Sorry that I’m later than I’m supposed to be with this blogpost, but my new day job needs all the attention at the moment. The good news is there are not much problems when you update your Mac with the latest security update. Read more about it in Apple’s Knowledge base article.

On Leopard there is a small known issue with postfix. To correct it comment out or delete the following line from ‘/etc/postfix/main.cf‘:

inet_interfaces = localhost

Restart postfix (reloading config does not work) with:

sudo postfix stop
sudo postfix start

And all should be fine. If you find another issue please use the comments.

A new version of Dovecot has been released a few days ago but I’ve only been able to test it in the last few days. Sorry, my day job is getting a bit hecktic at the moment and is eating in my personal time.

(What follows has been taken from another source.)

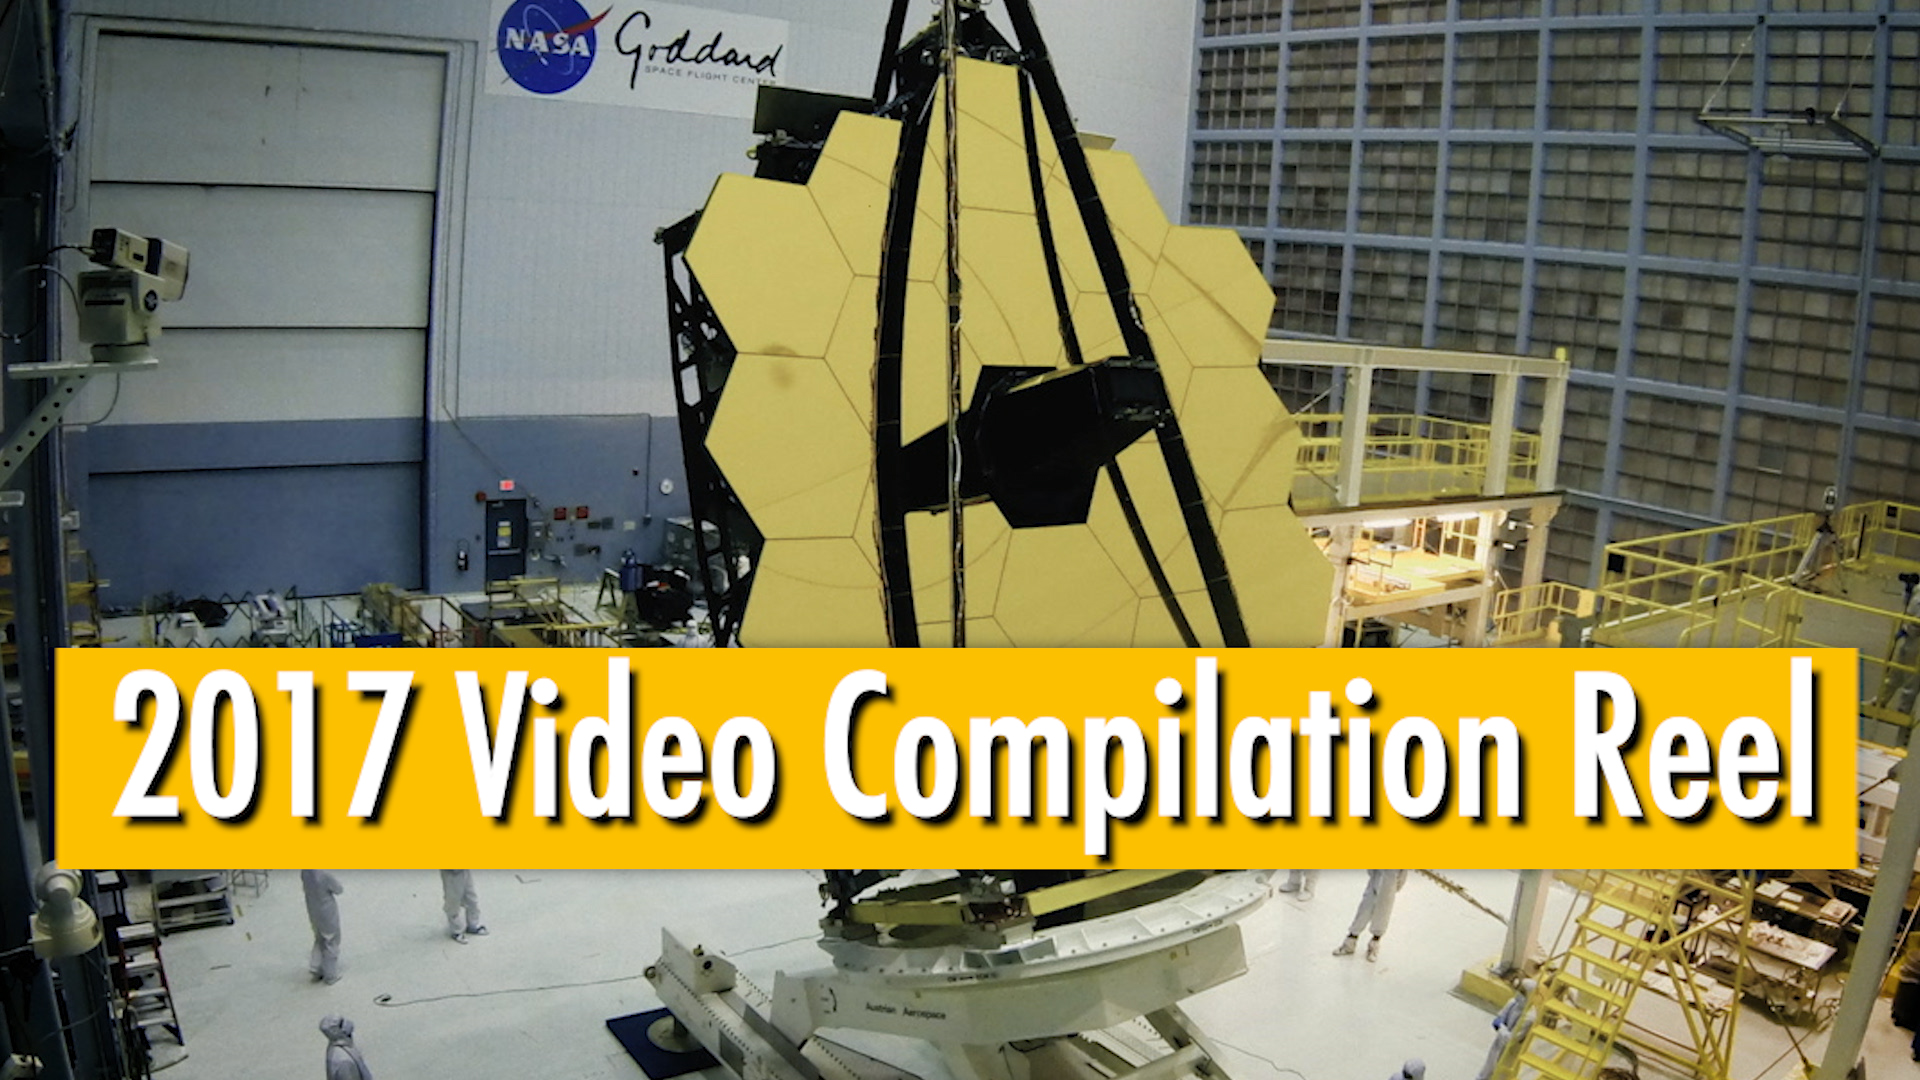 A compilation of Webb Telescope videos.
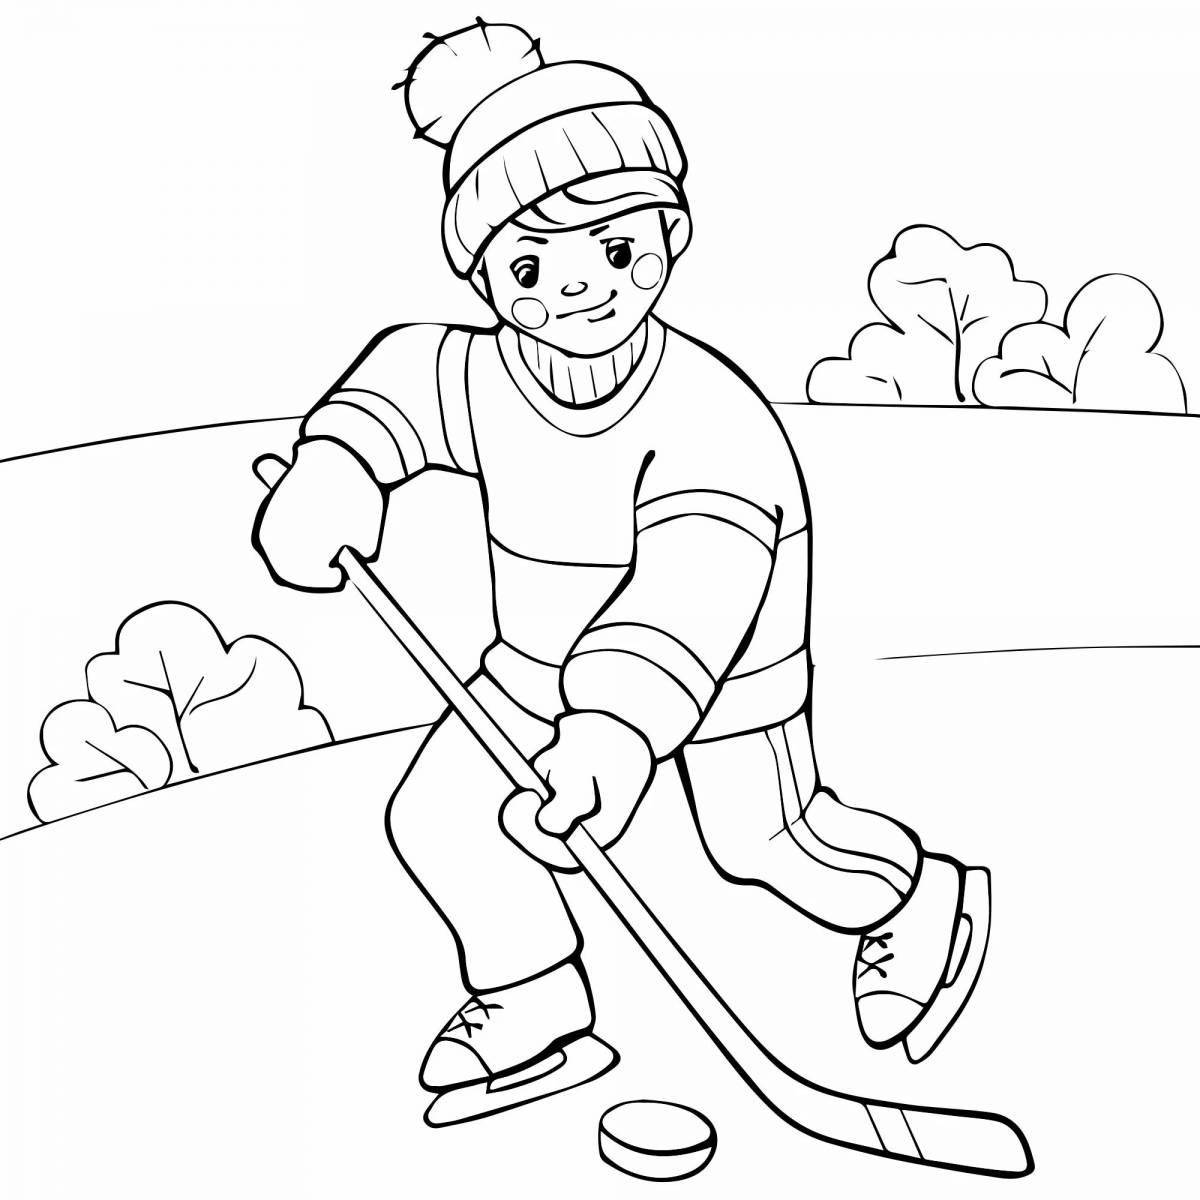 Elegant winter sports coloring book for kids

There is mention of moving o a 2.0 version in a few weeks. I hope to have that ready and tested as soon as possible.

Here is a list of the changes:

• Upgraded to Unicode 5.2.0
• Added authtest utility for doing passdb and userdb lookups.
• login: ssl_security string now also shows the used compression.
• quota: Don’t crash with non-Maildir++ quota backend.
• imap proxy: Fixed crashing with some specific password characters.
• dovecot –exec-mail was broken.
• Avoid assert-crashing when two processes try to create index at the same time.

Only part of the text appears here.